The microphone clipped to the collar of his robes carried his voice, even to the crowded
crying room
in the back of the church. “Yesterday,” he said quietly, “the rain stopped. The strange, magical rain that came from nowhere and went away just as quickly, was much like the human life of our Lord.” He stopped pacing. “All of us stepped from our homes and looked skyward, saw that our fears had been unfounded. The rains were gone. The danger had passed.”

The congregation stirred. Nick could tell they liked where his sermon was heading. “Many of you are here so I can tell you everything is over. The sirens have wound down; the air raid has ended.” He resumed pacing. “You want to hear that God was never behind this, that He wasn’t the one who sent the waters. That He would never inflict upon the world another Great Flood.”
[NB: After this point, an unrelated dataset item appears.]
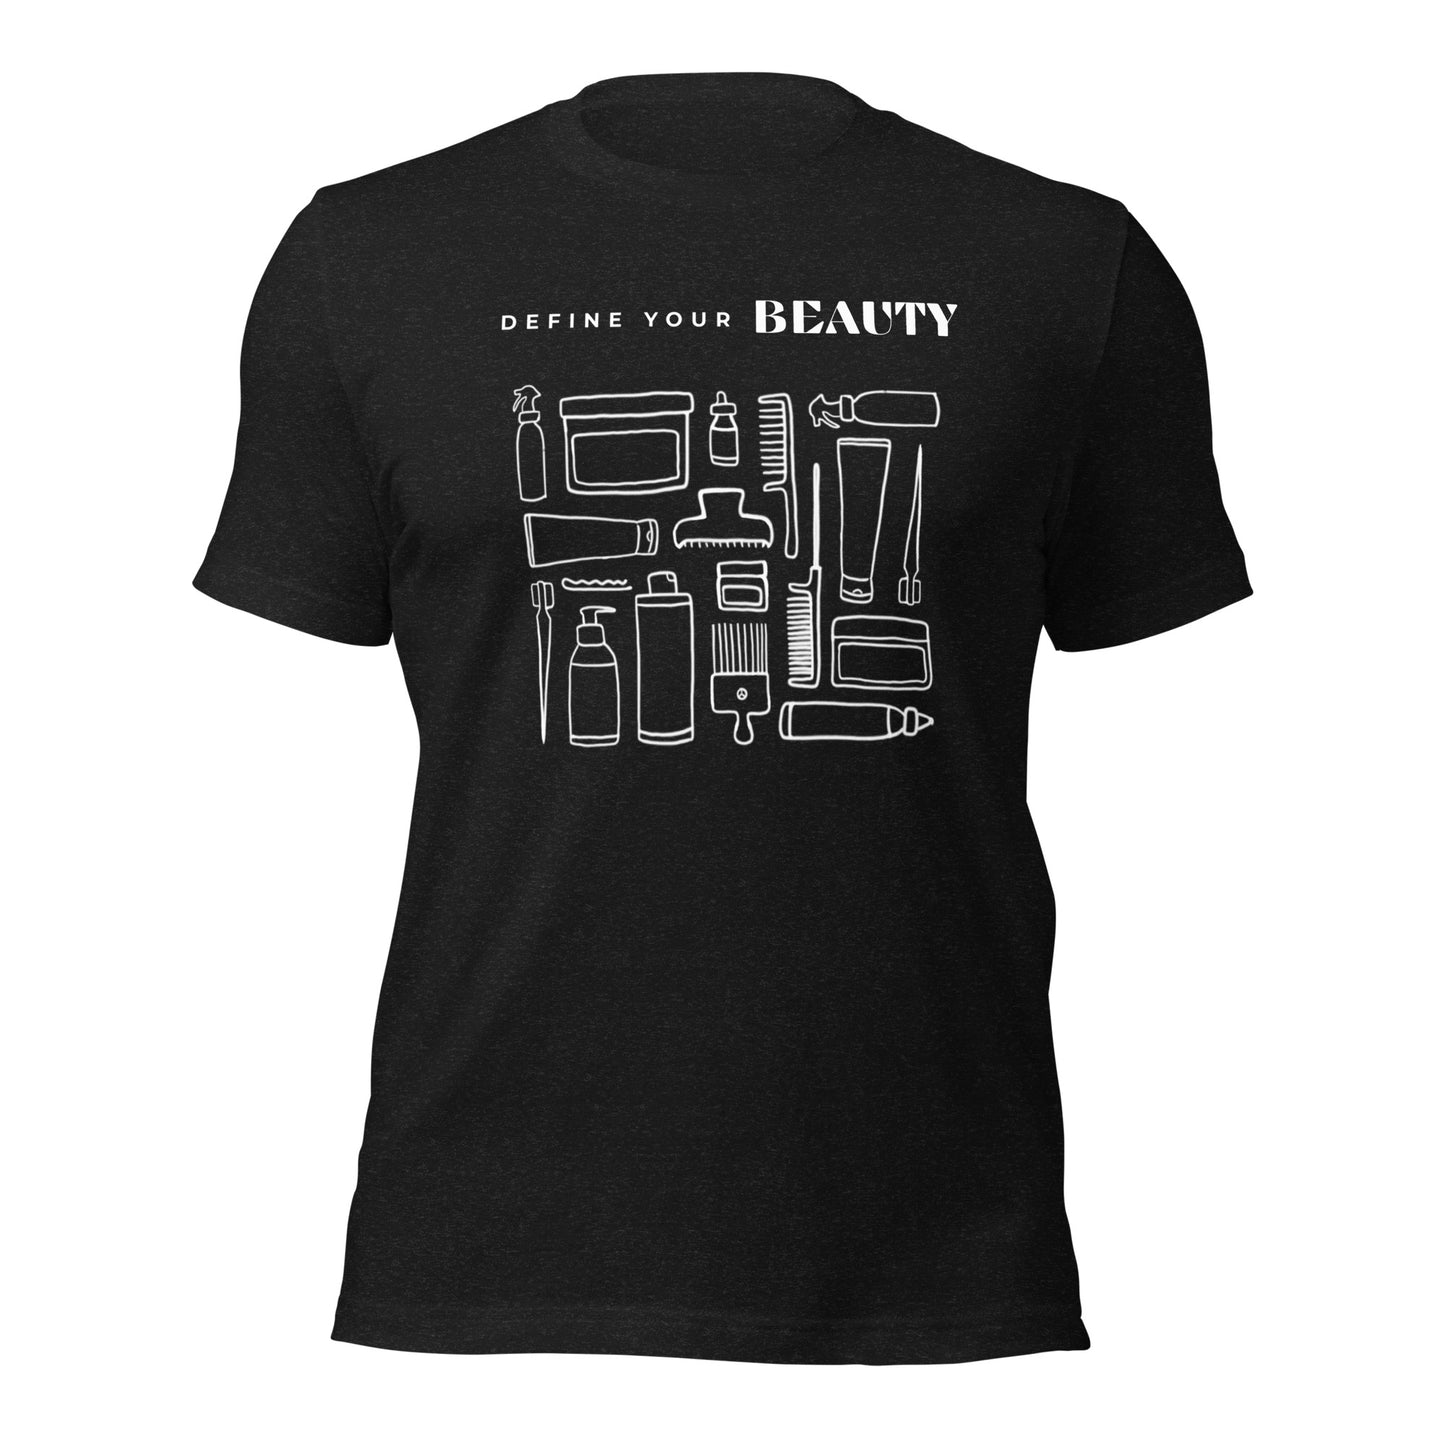 Define Your Beauty White Text Unisex T-Shirt

He looked down only for a moment, to let any murmurings die away. “Well,” he said finally, “that’s true. He wouldn’t. He promised as much thousands of years ago, didn’t He? But the Earth itself made no such promise. It has cast the waters over the land before, destroyed cities with hurricanes, leveled towns with tornadoes. Such is the nature of our planet. Such is, well,
nature
. The Lord is not going to send a flood to the world.” Smiles, cautious looks of hope. Nick continued, “But the flood is coming. Not by His hand. He’s told this to his messengers. But by His hand, held out to us all,” at this Nick held out his own, palm up, “we could all be saved. Live another day, have a second chance.”

The smiles had dropped away, mouths opened in shock and fear.
No turning back
, he thought.
No going home
.

“According to Margaret Carboneau and so many others across the world, in thirty-eight days the flood will come and the world will be lost to us.” He raised his voice. “They tell us that on June eighth, we're all going to die unless we climb aboard one of these arks. Or unless we build one ourselves to God's specifications.

“Like you,” he pointed to a couple with two squirming children in the front row, “and you, all of you, I've had to witness these events unfolding and decide on faith, alone, whether I saw and heard an act of God or just a bunch of well-organized lunatics. I'm very, very sorry to say, my brothers and sisters in Christ, that lunatics, especially that many, are not so organized as to come out in public at the same moment and say the same thing. These people are not insane. They're normal people living mundane, spiritual lives. Others may have been sinners, perhaps even drug dealers, rapists, murderers. Who knows? One thing is for certain...”

He stood now between the two front pews. Those in the back craned their necks to see him. Nick lowered his voice again, fighting to remain calm and speak in a calm and natural voice, from his own heart and not some prefabricated evangelical tongue. “They are not crazy. They are not lying. Everything they're telling us is the truth.” He pointed behind him to the statue of Christ dying on the cross. “God's honest truth. The flood is coming. God wants us to live, and has given us a way to do just that.”

 

*     *     *

 

“Amen, amen, I say. Amen,
God
says.” Jack walked among the crowd, his motions jerky, like a beggar among the masses. His steps were uncertain, but his eyes, his gaze, pierced every heart he passed. People took an involuntary step back as he stumbled by them. But they listened. Oh, yes, he could see in their faces that they were listening. “For God himself has spoken, has shown all of you the way of your demise. Has warned us with these rains, that what He says through his prophet, which I utter to you now and forever is true. Amen, amen.”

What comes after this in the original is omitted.